1. 8
  1.  

  2. 3

    At my workplace we use Zod for a similar sort of thing. It works especially well since some of our untyped data comes from non-JSON sources, e.g. CSV, database queries.

    1. 2

      Interesting, but it isn’t clear from the Readme how it’s doing the same thing? The section on type inference doesn’t seem to mean the same thing (https://github.com/colinhacks/zod#type-inference).

      The purpose of this library is more oriented around exploring existing data rather than being used to define schemas for use in your application development.

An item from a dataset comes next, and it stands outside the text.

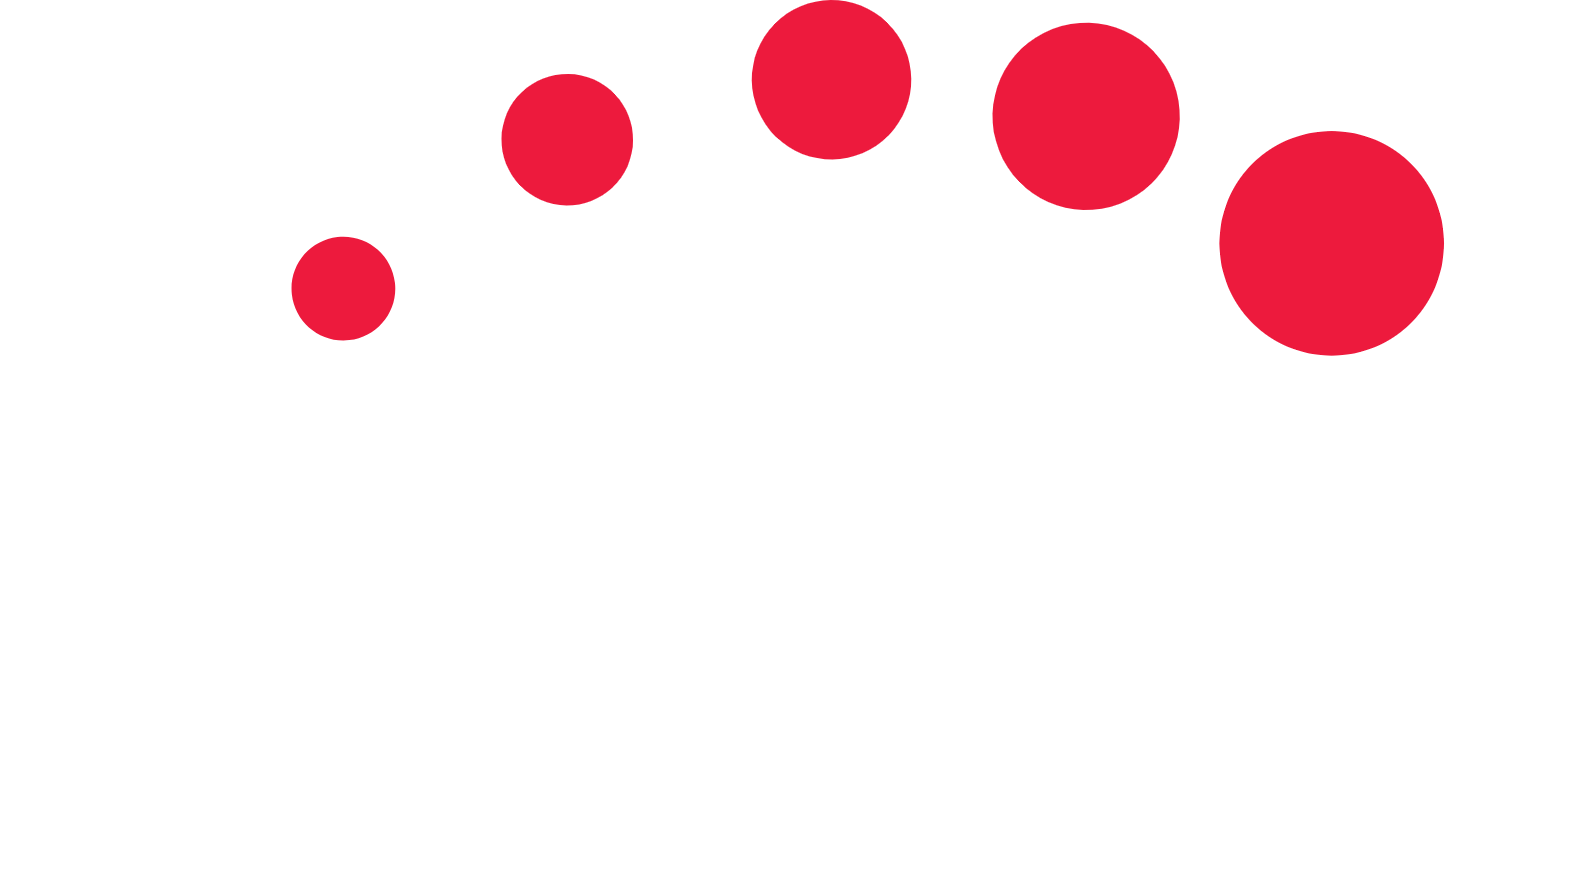 Singtel logo large for dark backgrounds (transparent PNG)

      Maybe I’m misunderstanding zod though.

    2. 2

      While I’m sure there are more libraries that do this kind of thing, they’re kind of hard to find! The JSON Schema project lists a few of them: https://json-schema.org/implementations.html#from-data.

      1. 2

        Surely you’ve seen Quicktype on that list, right? It’s one of my go-to options!

        1. 1

          I didn’t actually find the json-schema list until after I wrote this library. But yes it looks very good!

          One consideration I’m not sure Quicktype handles (at a glance) is efficiently dealing with arbitrarily large inputs. For example, if I load 30MB of logs into DataStation, I still want to be able to show the inferred schema. I wasn’t able to do this (JavaScript would throw a stack exception) until I added sampling logic to this library.

      2. 2

        String or number or number or number?

        1. 2

          Oops. That’s a screenshot from an earlier version with that bug. I’ll have to fix that. :) Thanks

          1. 2

            The screenshot is fixed now. :) Thanks!